The 2000 Olympics chant of "Aussie Aussie Aussie" was even led raucously by the local Japanese support school. Their influence and impact could not be underestimate either. It is an exciting time for all the locals whose beauty and magnificence as a people - for us, is hard to fathom.

Even more remarkable was the flying yellow team of young volunteers whose job it is to tidy up bases after five completed innings and retrieve foul balls and equipment. All purpose bat boys and young groundsmen. Precision and teamwork Japanese style. Unbelievable.

Ironically, by this stage of the game, the clouds had gathered with the slightest of drops appearing from the grimacing skies and nearby rolling hills. An omen for the Cuban side. We, let it be said, were havana a good time!

Across the sixth innings, we could not level it up but Caleb Shepherd's fly out catch at right field saw a wonderful throw to third base which stopped the Cuban runner from advancing. 3-4 it remained. The seventh innings saw Blake Townsend single up the middle in a stunning start. However, Bannon was caught by the catcher on the bunt...Lyberopolous was caught with a fly ball to short stop...Shepherd ground out. Ouch.

Two brilliant pieces of defence then were executed by us in the seventh innings where first base returned a throw to home in an impressive read by Horne to Burke. Out at the plate. Then in the eighth innings, Jo Stevens delighted in taking a stunning reflex catch at third base before turning and diving at the third base to secure a double.
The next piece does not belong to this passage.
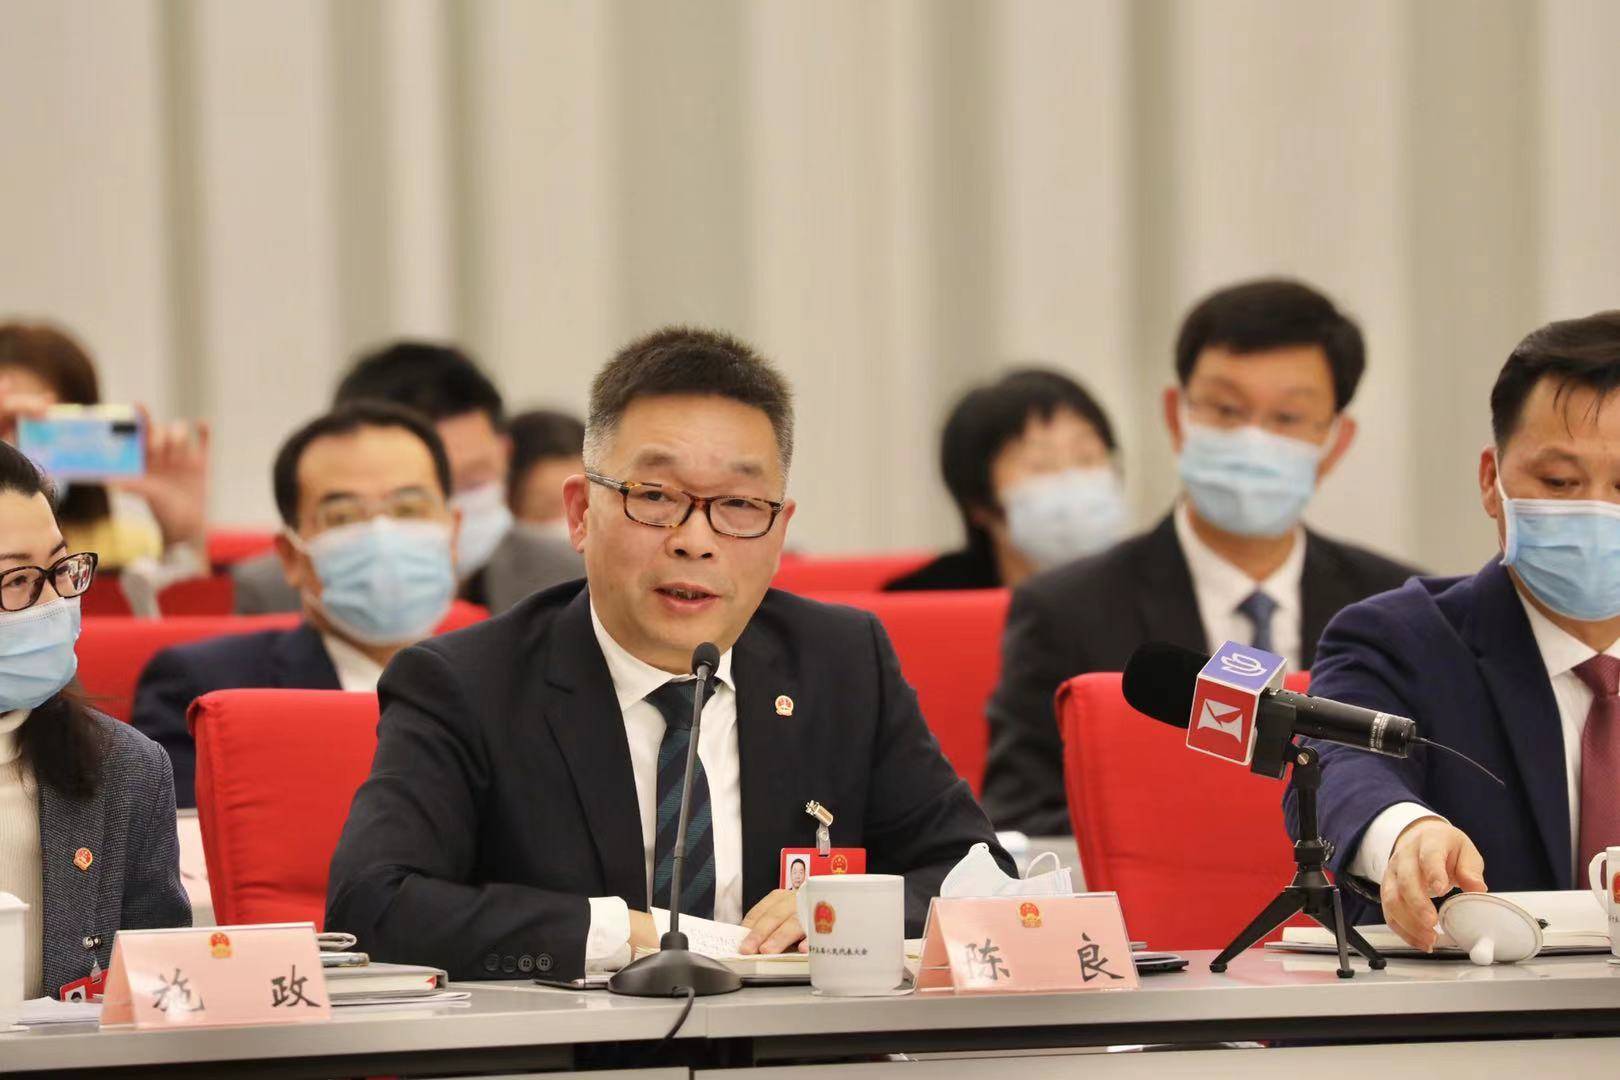 市人大代表陈良:为更好应对突发疫情,上海应建疫苗战略储备库

The timing was immense and it thrilled the crowd. The super arrogant Cuban No. 54 for them was out. He trudged off full of words and our boys did well to contain their tongues. Our dugout was more helpful. He suddenly looked more like he wanted a pineapple Mojito and a Cubano sandwich. The crowd bubbled and roared with excitement. We were in it till the death. With a little luck we could take it.

A pitching change was soon instituted to Blake Cavill who came on for Townsend. This put Blake under immense pressure and he delivered. A ground out from Fierenzi to Horne saved it for 4-3.

Finally into the ninth innings, we needed one run to tie it up and then force a possible win. Burke up...ground out. Then Jo Stevens went to a superb foul territory catch by their first baseman who ran a good thirty metres over his head to dive and take one millimetres from the right field fence. Two out,

Then Liam Evans #8 entered at the death...hoping to repeat some recent heroics. Not to be as he was struck out swinging at a high one. Oxygen. A loss. Ultimately, to borrow a cliche..close but no cigar.

Yet today was all about rekindling and delivering spirit and positivity. It was a sad end but the sun will come up tomorrow. Even if the local industry was doing their best to impede it.